-------- GIVEN MATERIAL

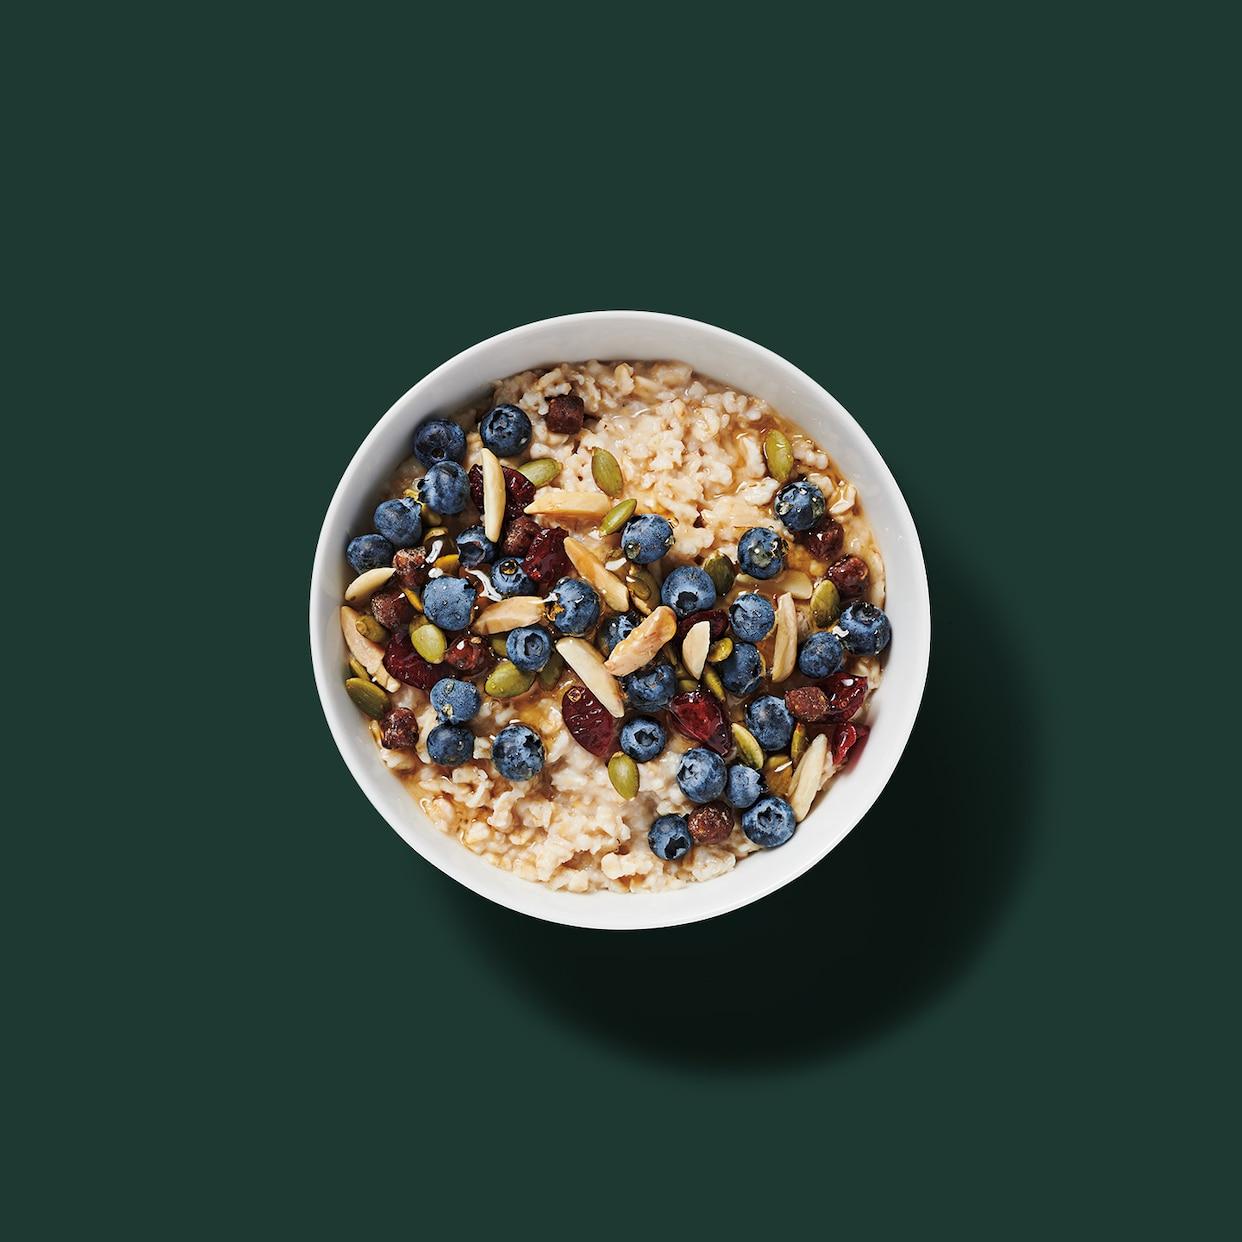 Hearty Blueberry Oatmeal: Starbucks
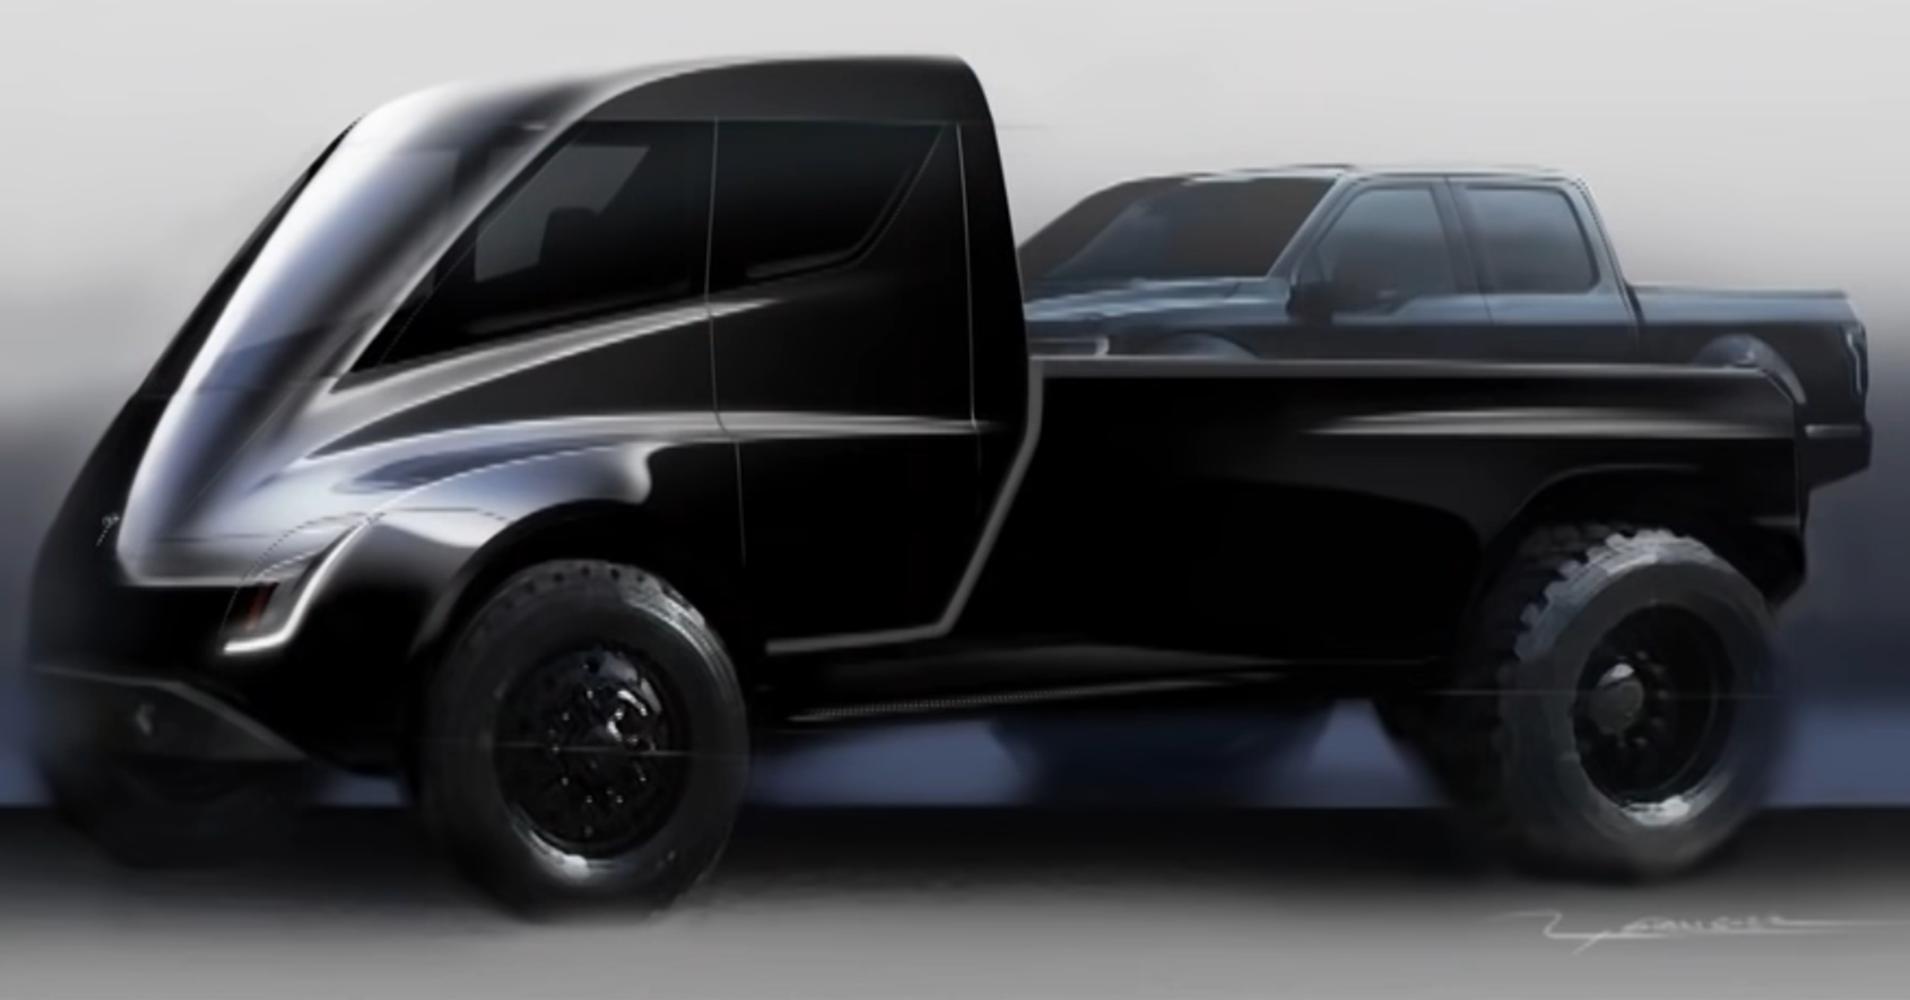 99 All New 2019 Tesla Semi Truck Rumors with 2019 Tesla Semi Truck
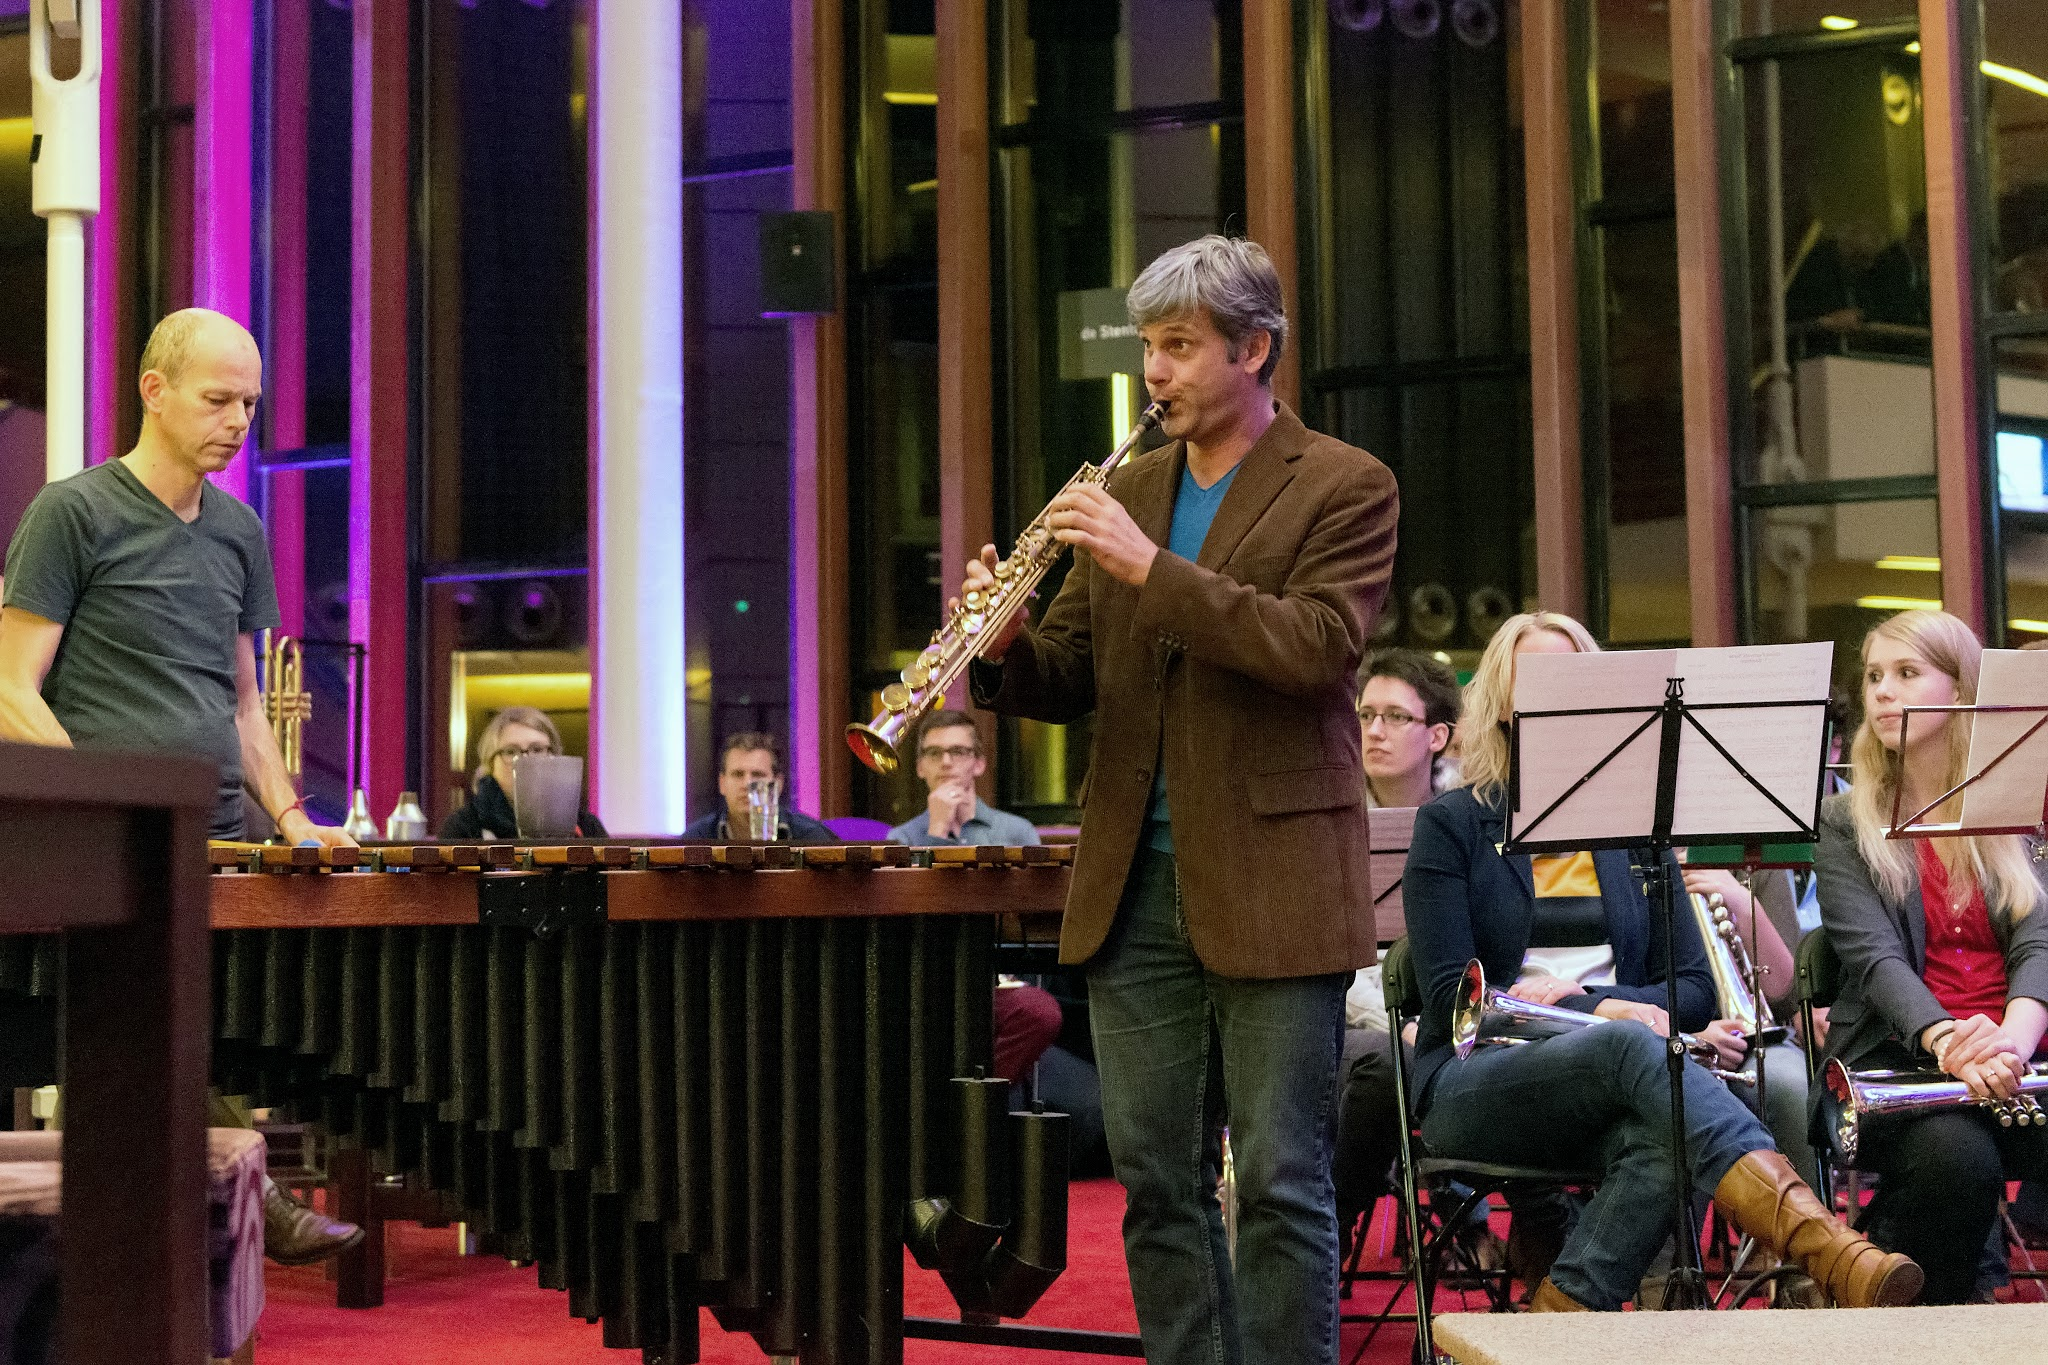 Artes7 Wood Winds concert

----------------

**PROBLEM DETAILS**
An exact, picture-free copy of the listing above is the goal; write it out now.

**YOUR RESPONSE**
 Hearty Blueberry Oatmeal: Starbucks
 99 All New 2019 Tesla Semi Truck Rumors with 2019 Tesla Semi Truck
 Artes7 Wood Winds concert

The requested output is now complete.